(Given material begins)

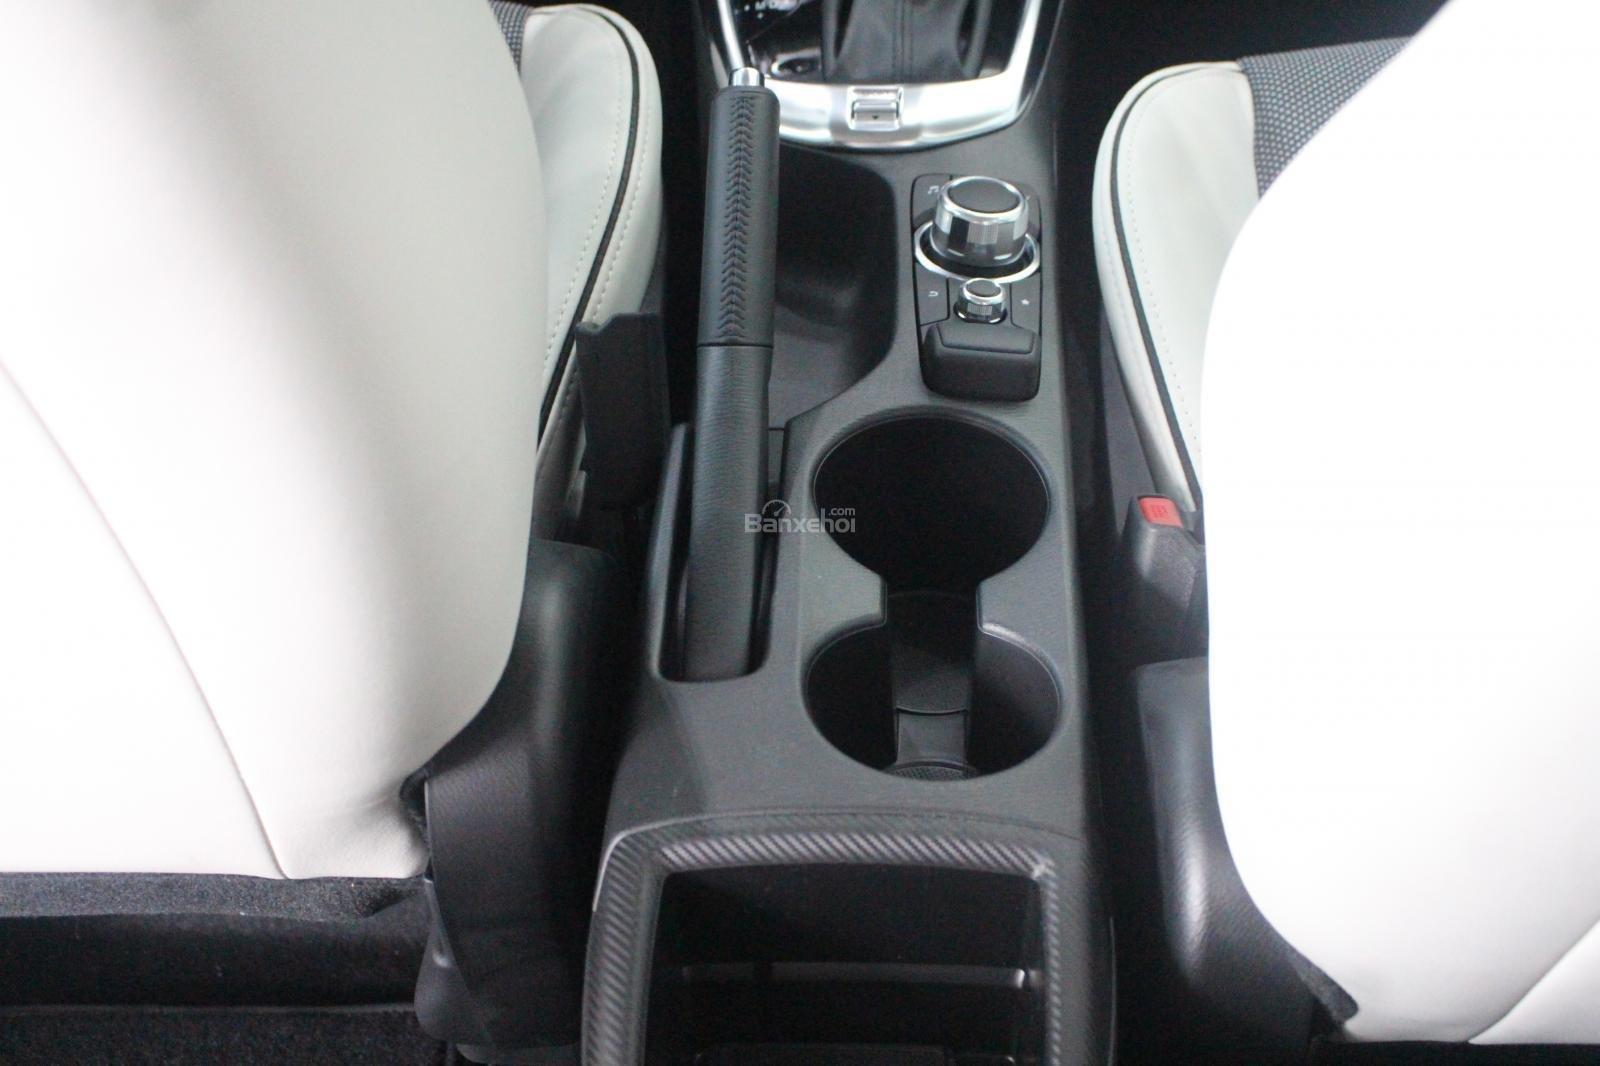 {Mazda Bình Triệu} Mazda 2 1.5 AT full option, xe nhập Thái - LH 0941 322 979 giá rẻ nhất TP Hồ Chí Minh-7
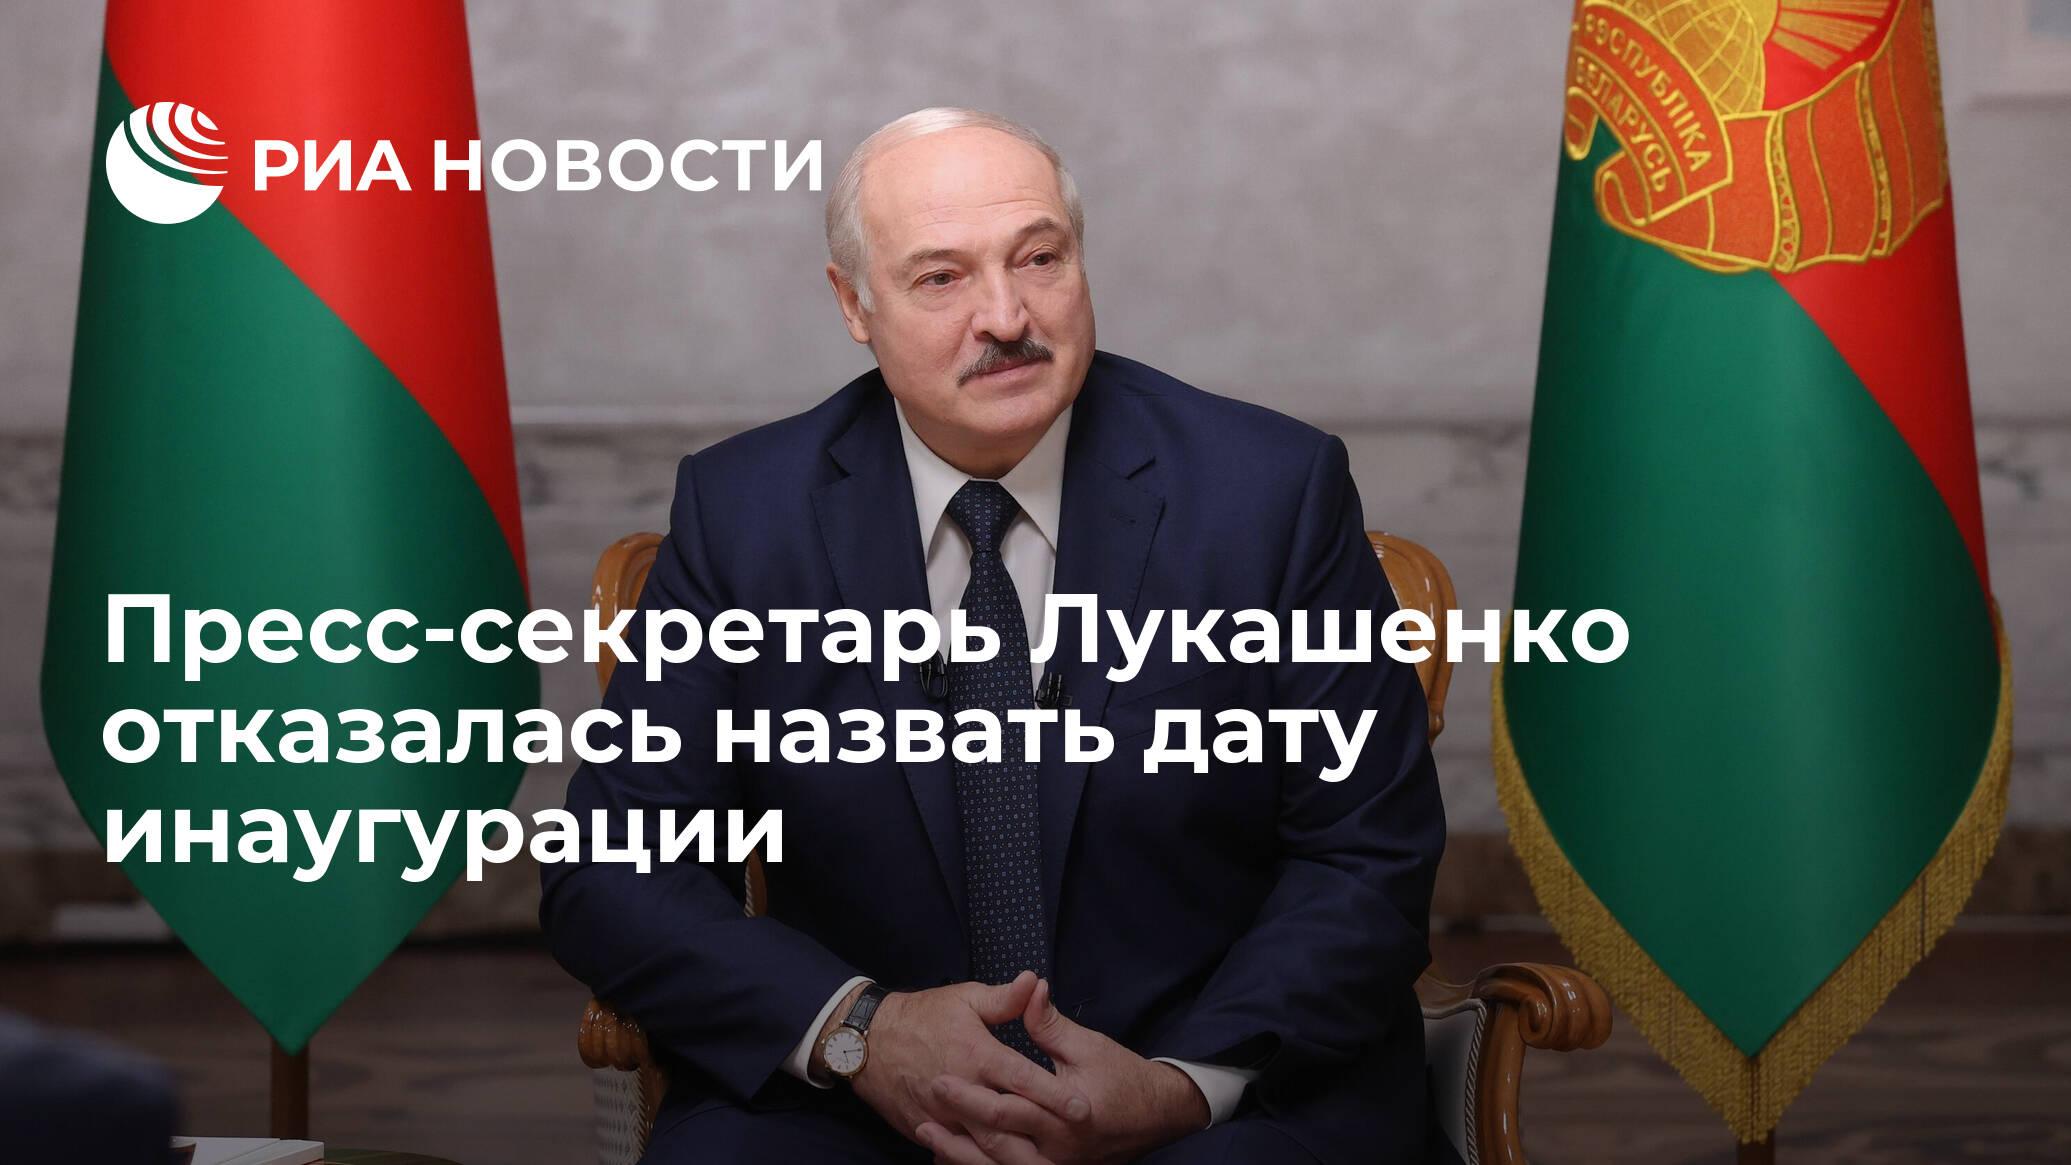 Пресс-секретарь Лукашенко отказалась назвать дату инаугурации
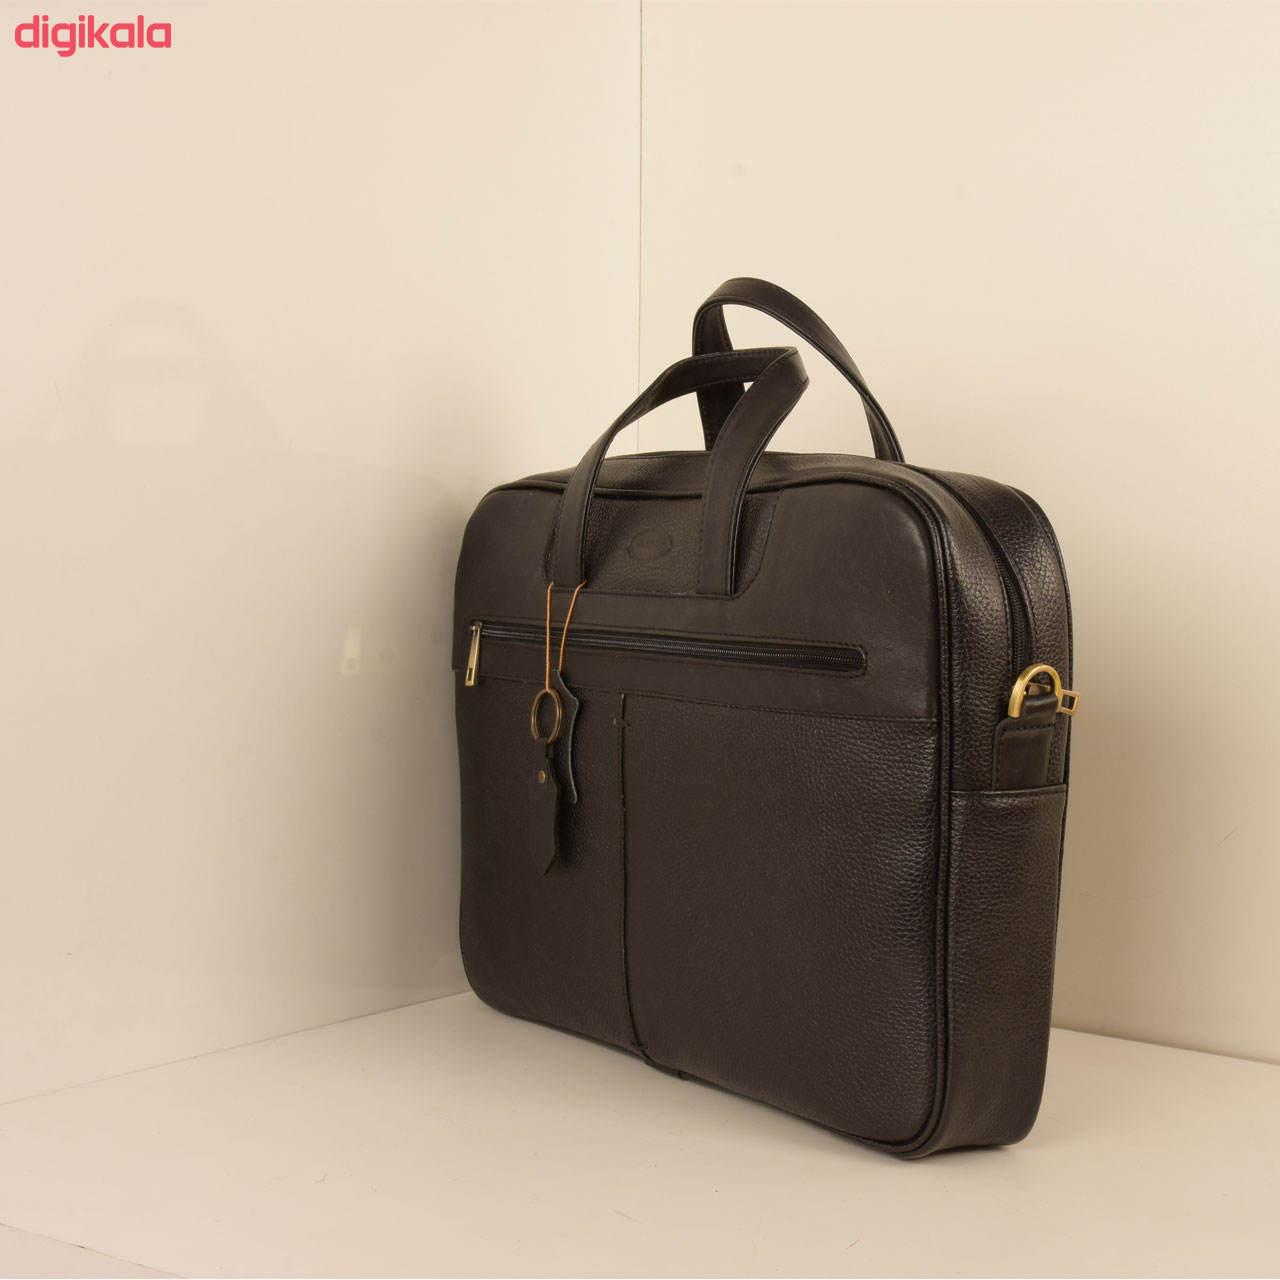 کیف اداری مردانه پارینه چرم مدل L159 main 1 1
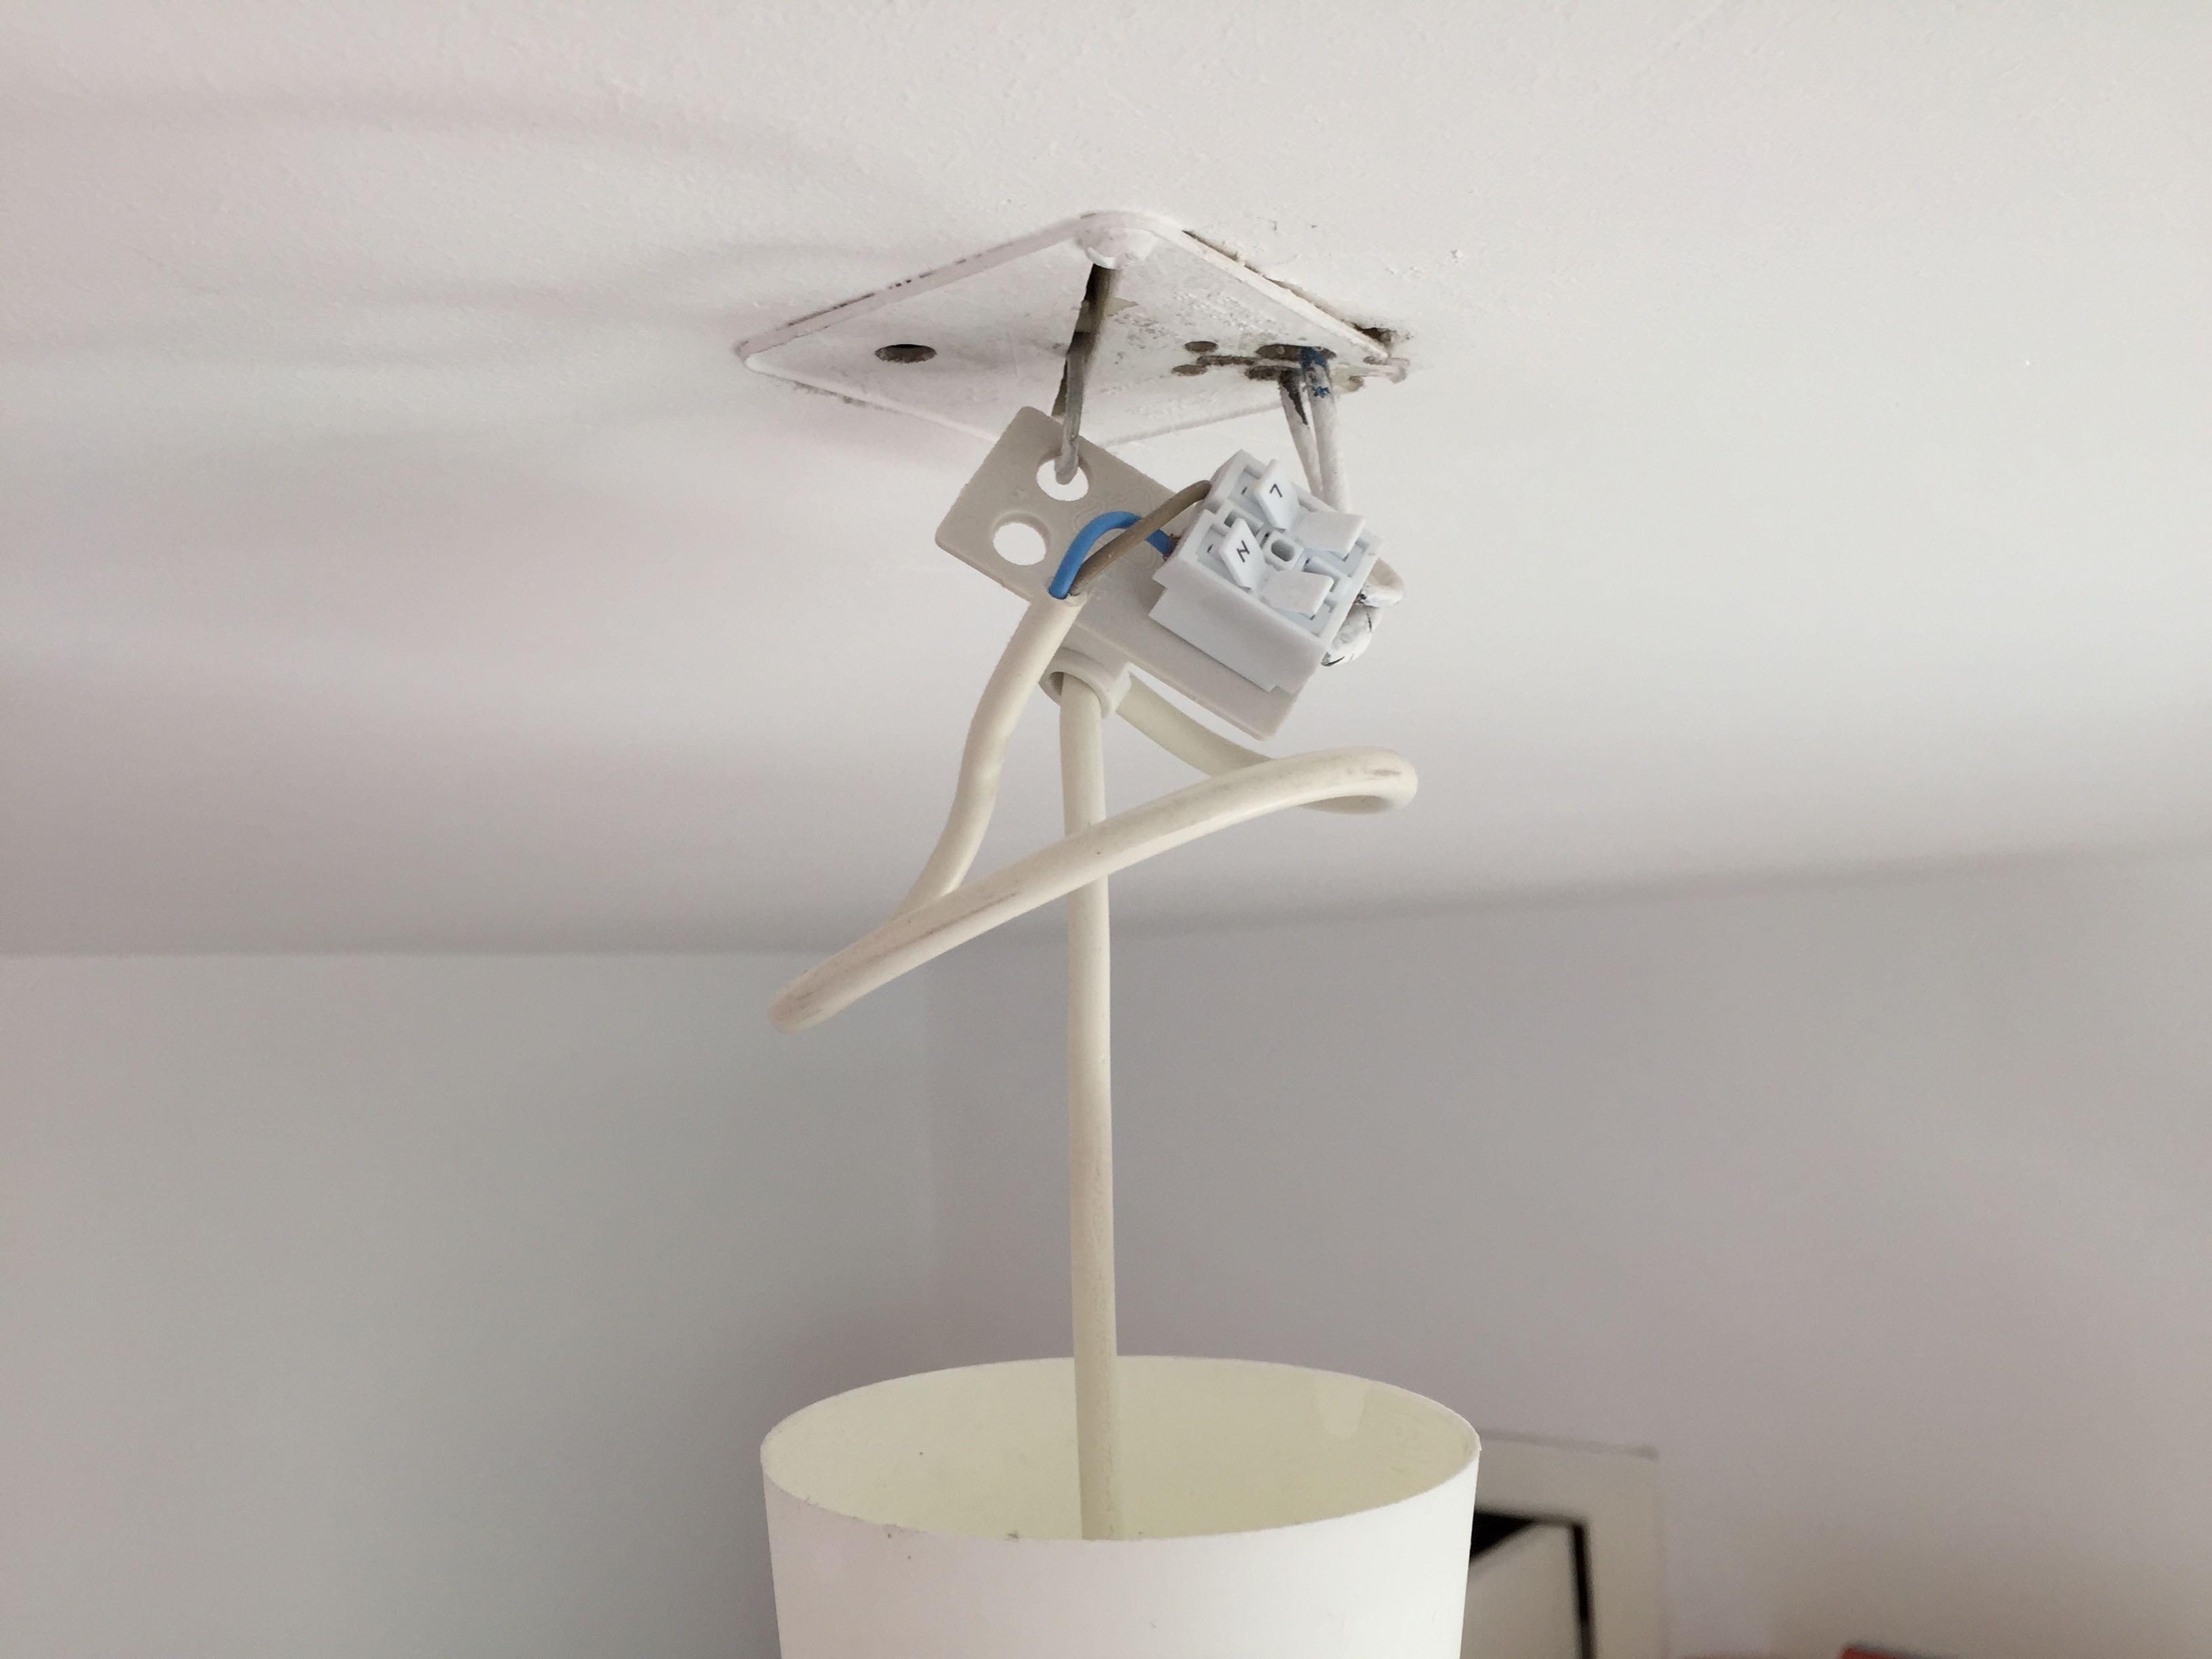 Slaapkamer verlichting praxis : slaapkamer ideeen muur. slaapkamer ...

(Given material ends)

Your job is to reproduce the material exactly. Keep pictures out of it.

Written reply
 {Mazda Bình Triệu} Mazda 2 1.5 AT full option, xe nhập Thái - LH 0941 322 979 giá rẻ nhất TP Hồ Chí Minh-7
 Пресс-секретарь Лукашенко отказалась назвать дату инаугурации
 کیف اداری مردانه پارینه چرم مدل L159 main 1 1
 Slaapkamer verlichting praxis : slaapkamer ideeen muur. slaapkamer ...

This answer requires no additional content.